** INFORMATION SHOWN follows **
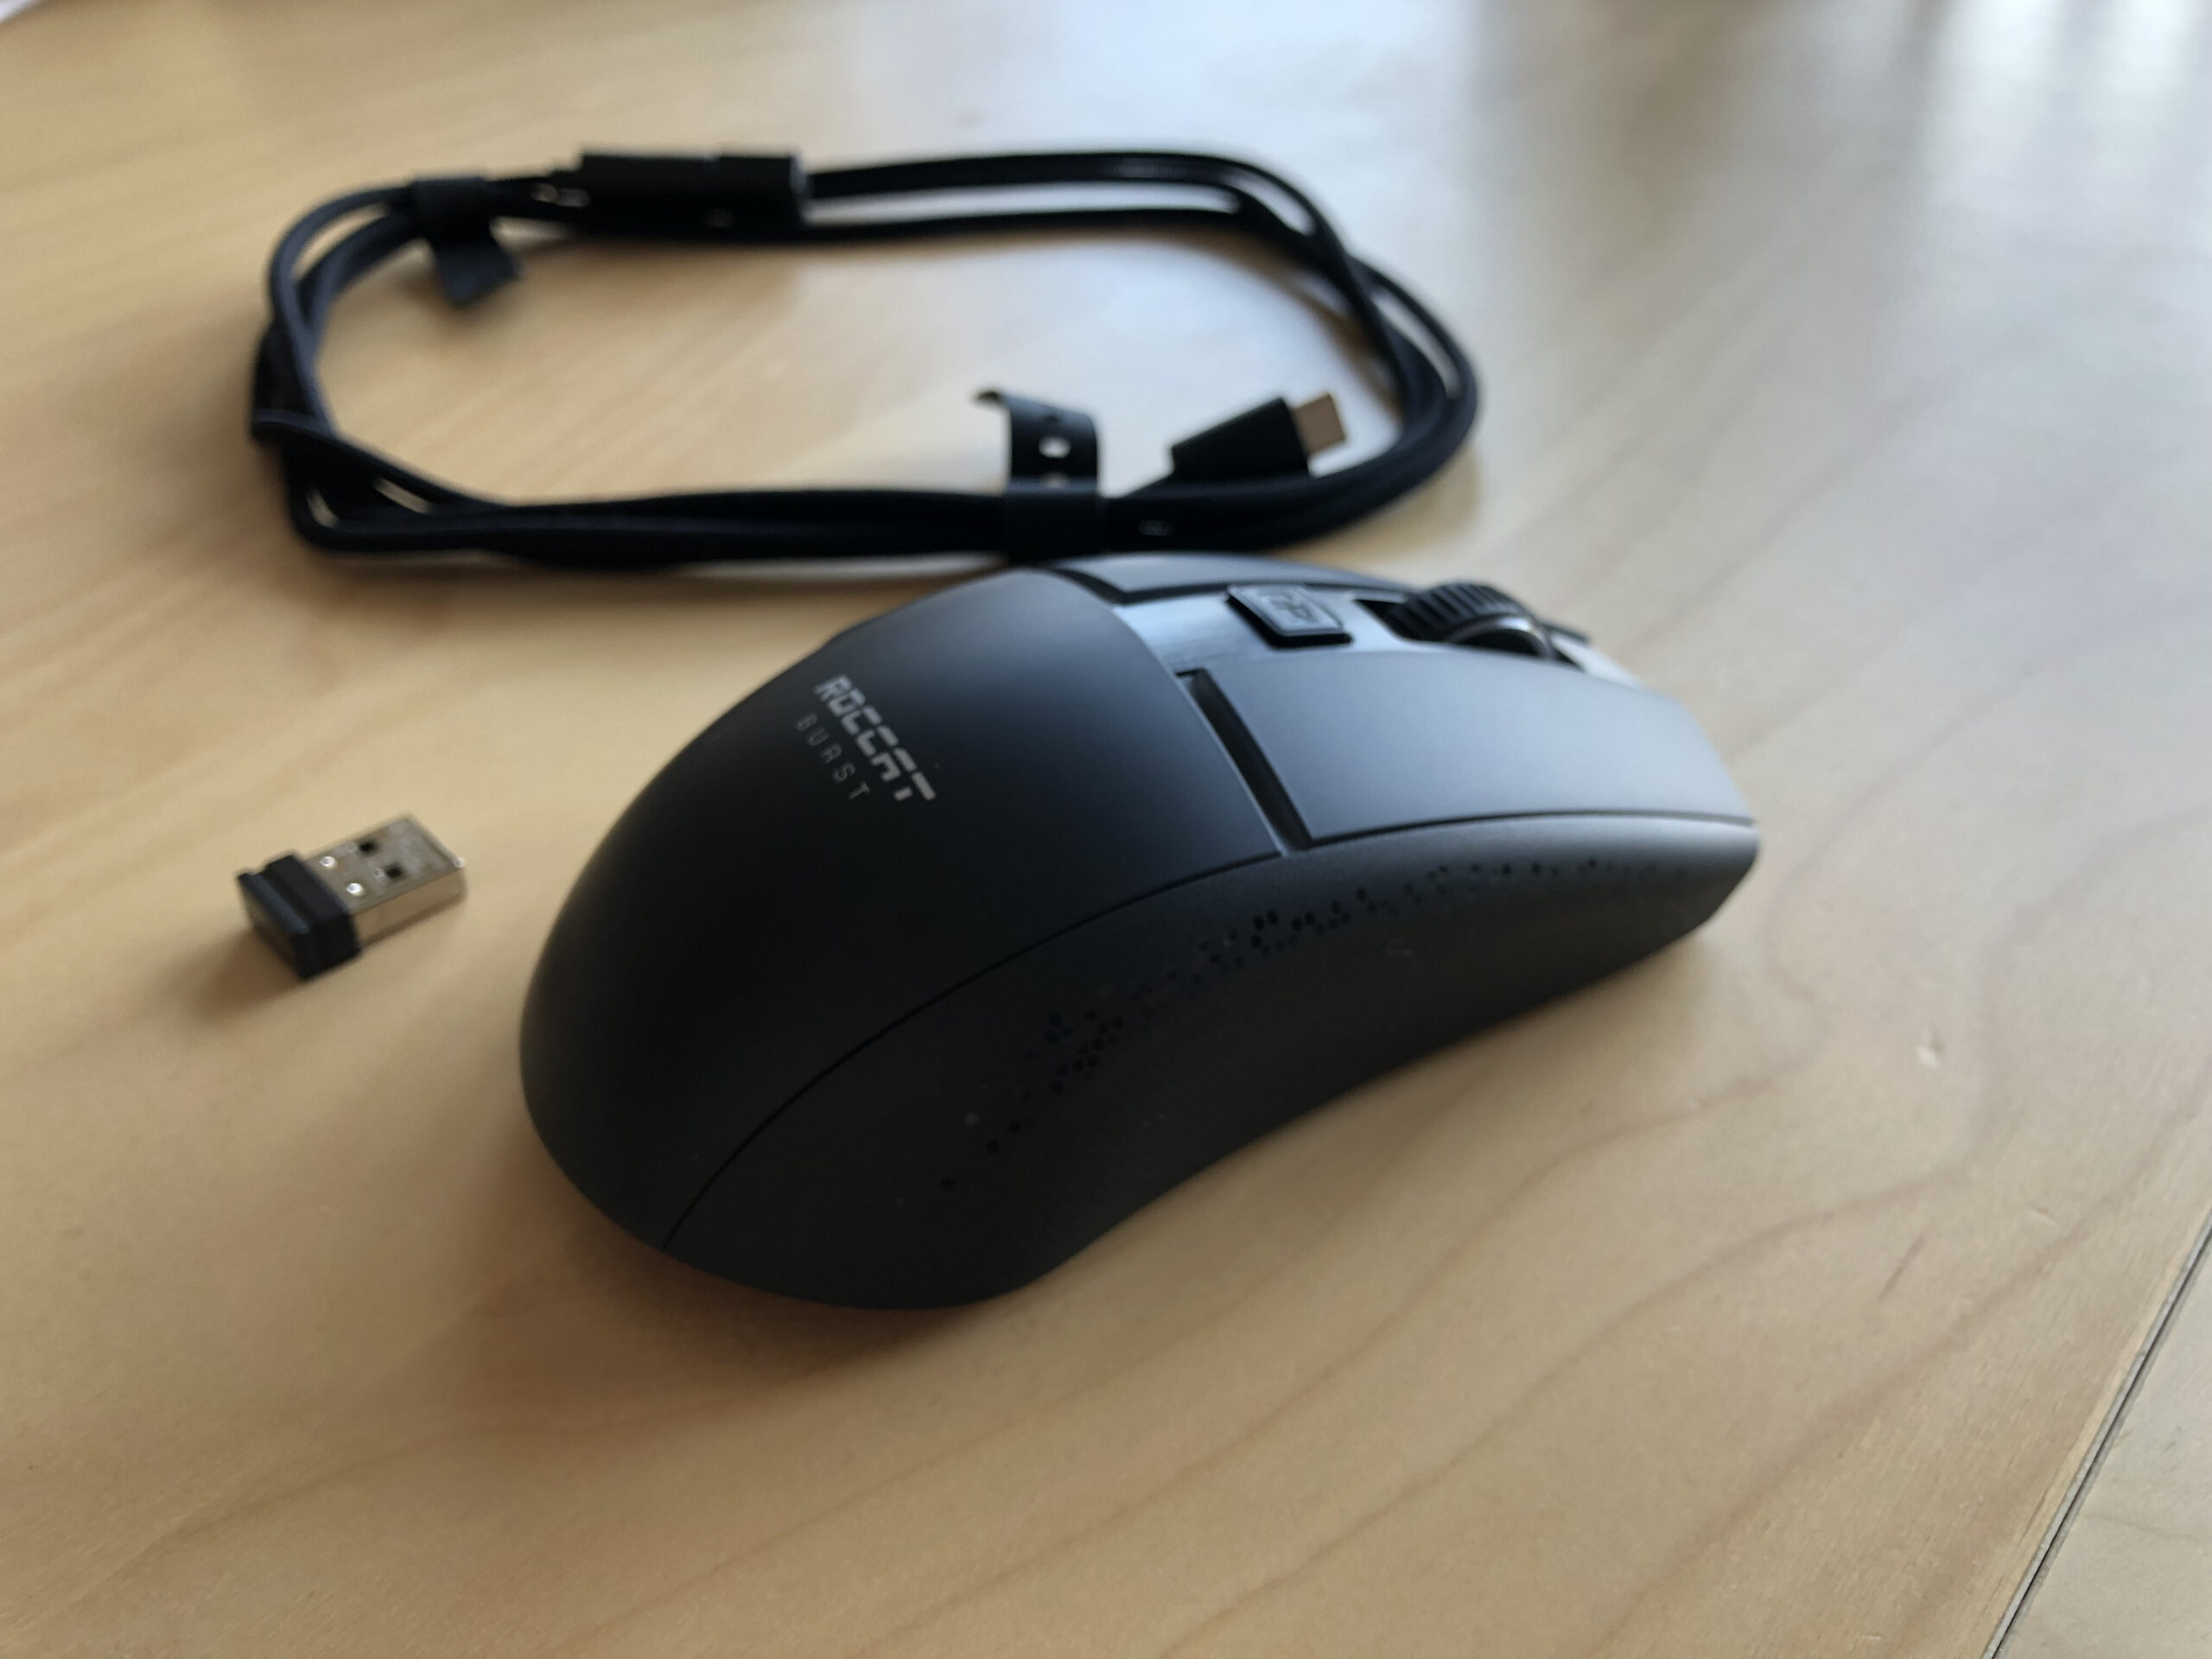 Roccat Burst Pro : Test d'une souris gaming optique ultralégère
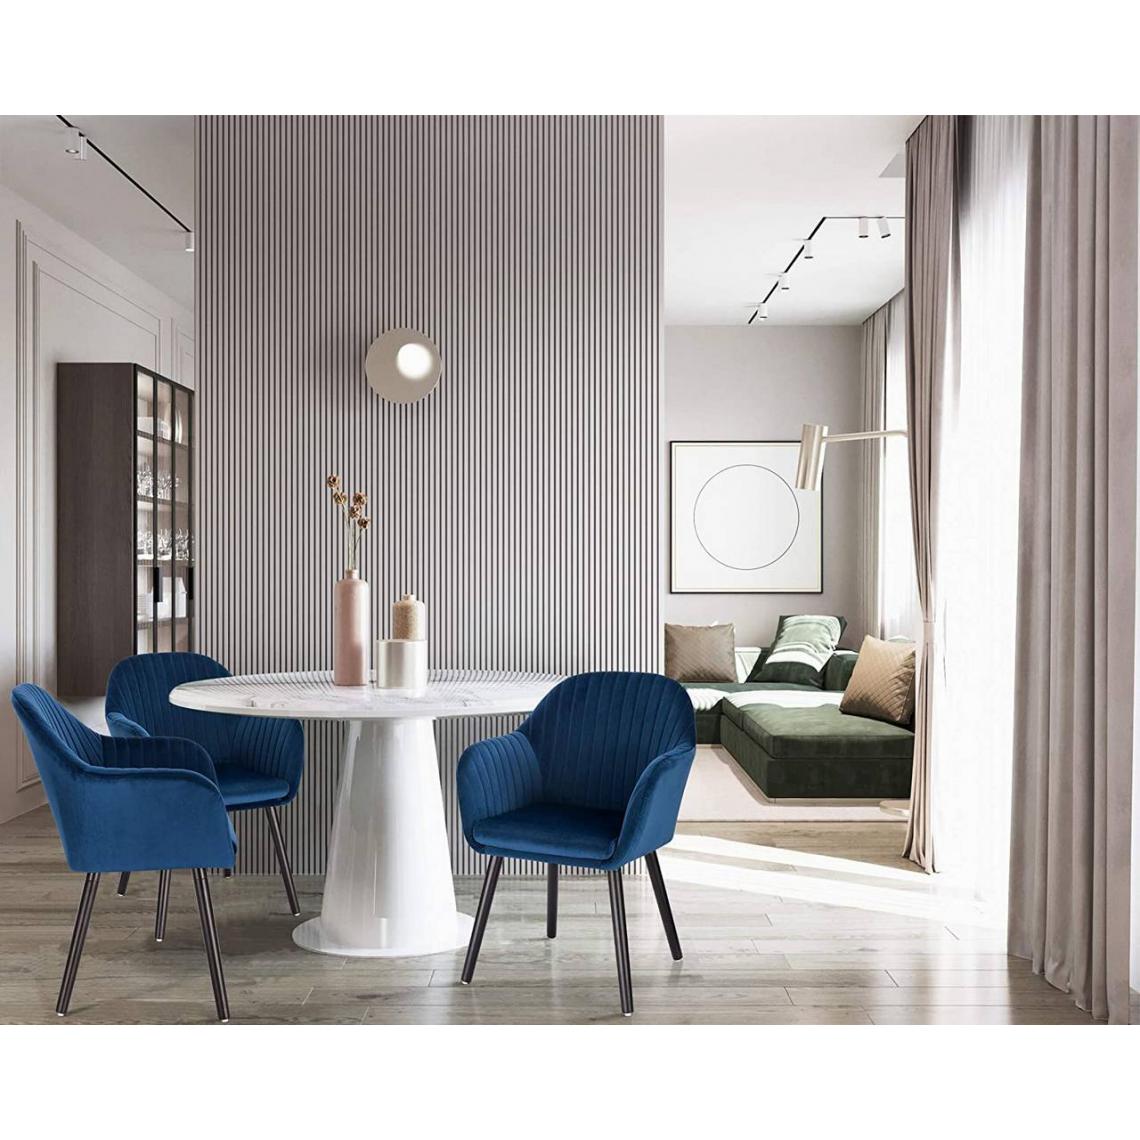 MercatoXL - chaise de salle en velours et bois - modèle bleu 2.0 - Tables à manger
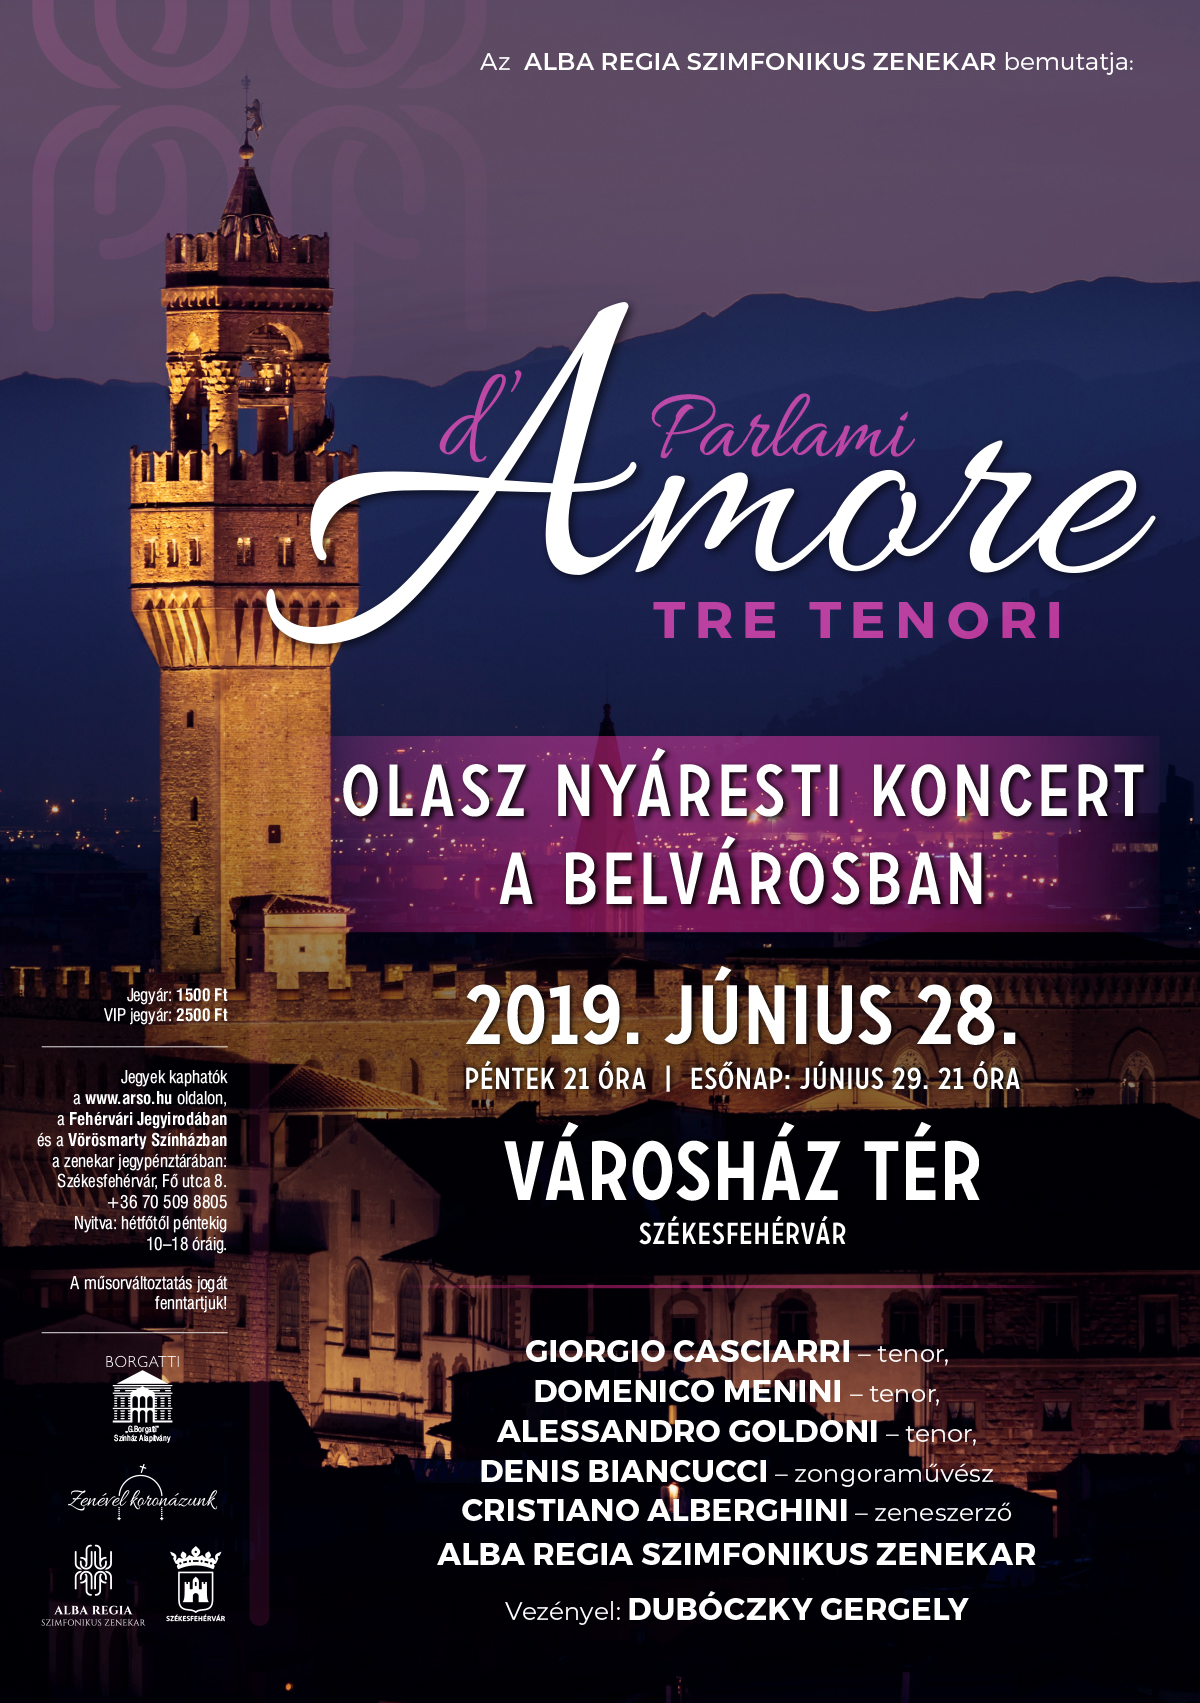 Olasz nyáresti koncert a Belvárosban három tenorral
** End of INFORMATION SHOWN **
Restrict the output to the lines from the one with "MercatoXL - chaise" through the last line of the material above. Print them exactly, leaving out every picture.

 MercatoXL - chaise de salle en velours et bois - modèle bleu 2.0 - Tables à manger
 Olasz nyáresti koncert a Belvárosban három tenorral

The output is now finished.